Many studies indicate that strawberries are a source of useful ingredients in the fight against cancer, cardiovascular disease, weakened immune system and neurological disorders. These and many other disorders are associated with harmful oxidation of nucleic acids, lipids and proteins. Antioxidants are compounds that neutralize harmful free radicals and thereby reduce the risk of various diseases.

Raspberry

Raspberry is highly valued plant in all developed countries, first, because of its irresistible look, taste and smell and then because of its healing properties. This berry fruits is so sweet and has so few calories that is already reason enough to enjoy the maximum of it. One serving of raspberries of 150 g counts less than 60 calories and less than 10 g of carbohydrate.

Broccoli

The energy value of fresh broccoli is only 34 kcal per 100 g. 100 grams of fresh broccoli contains 89 percent water, 0.37 g fat, 2.8 g protein, 6.6 g carbohydrates, 1.7 g sugar and 2.6 g dietary fiber. In addition to macronutrients, broccoli is an extremely valuable source of vitamins and minerals - vitamin C, vitamin A, vitamin B6, pantothenic acid, riboflavin, calcium, magnesium, iron, phosphorus and potassium.

Healthy frozen vegetables

Most consumers believe that vegetables losing much of the nutritional value by freezing and therefore should be avoided.
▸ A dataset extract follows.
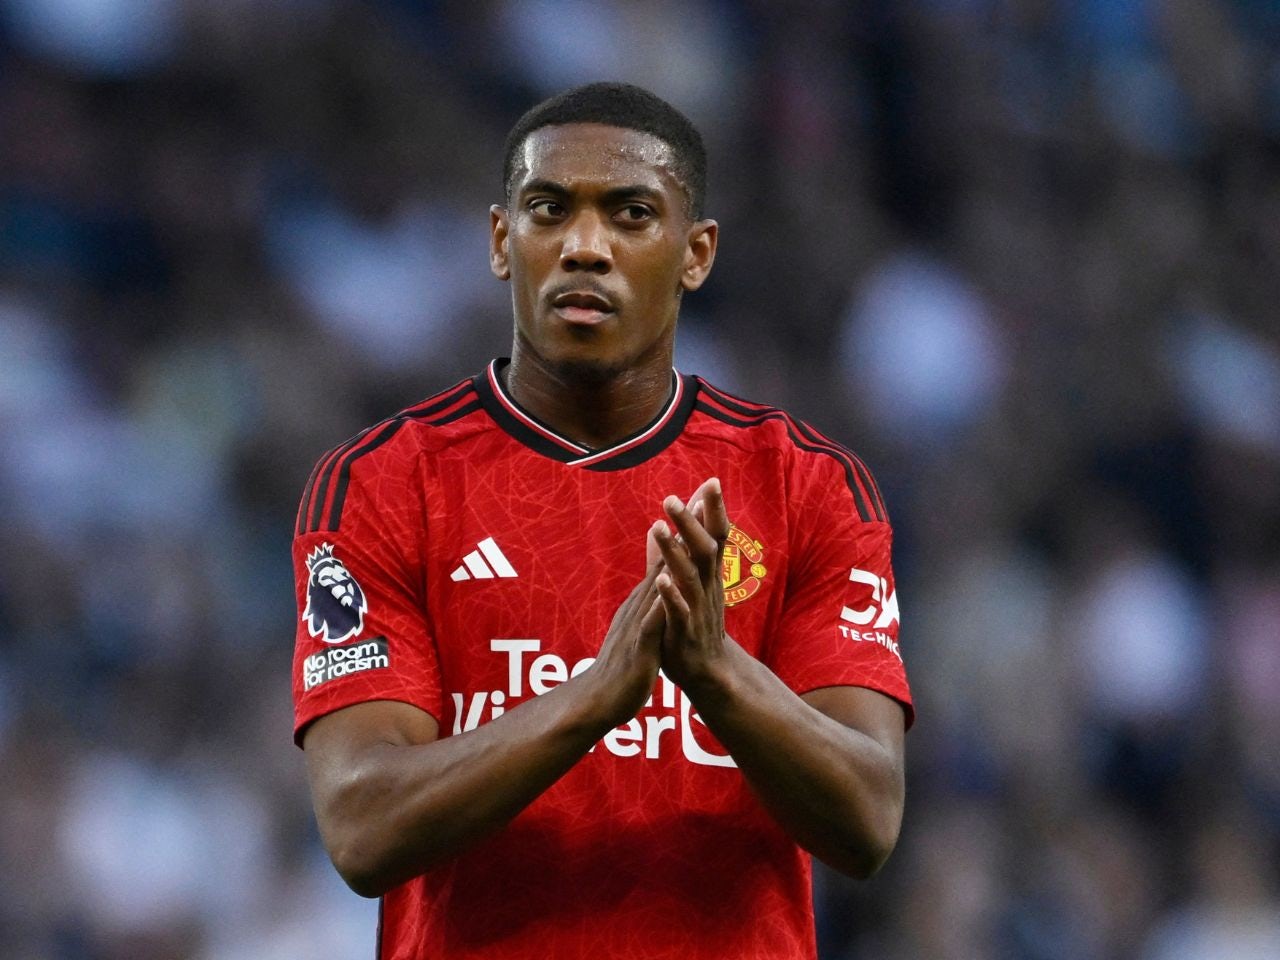 LIVE! Transfer news and rumours: Martial agent rules out Man Utd exit, Ronaldo wants Casemiro reunion

However, the current method of deep freezing, the nutritional value of the product remains fully preserved and frozen vegetables retain top quality. Path from harvested to frozen vegetables consists of a series of controlled steps, each of which aims to preserve maximum quality of vegetables. Harvesting is done at their peak of freshness. Sorting, cleaning and blanching vegetables - brief immersion in boiling water, which is a key step in preparing vegetables for the freezer, because it prevents undesirable changes in the quality and nutritional value.

Peas

Packed, quick-frozen young peas is a great choice for all who wants fast but high-quality, delicious and healthy meal. Beans of sweet young peas had previously been treated, so it takes only 15 to 20 minutes to prepare it. Quick frozen peas can be prepared as a stew, side meal with meat or rice, and it also enriches the taste of soup, or a variety of meals.

Carrot

Carrot is the vegetable that contain the most beta carotene (which gives the orange color) than any other vegetables. A carotene is a substance from which a vitamin A is developed. The more orange carrot is, the share of carotene in it is higher. Beside carotene, the carrots are also rich in vitamin B, D and E. In addition, the carrot is rich in minerals, and is recommended for babies, children, convalescents, pregnant women and elder people. It is extremely easy to digest, cooked or braised, while the best way to consume raw carrot is by making juice which, mixed with lemon, for example, is very tasty and refreshing. Carrots also possess many medical characteristics.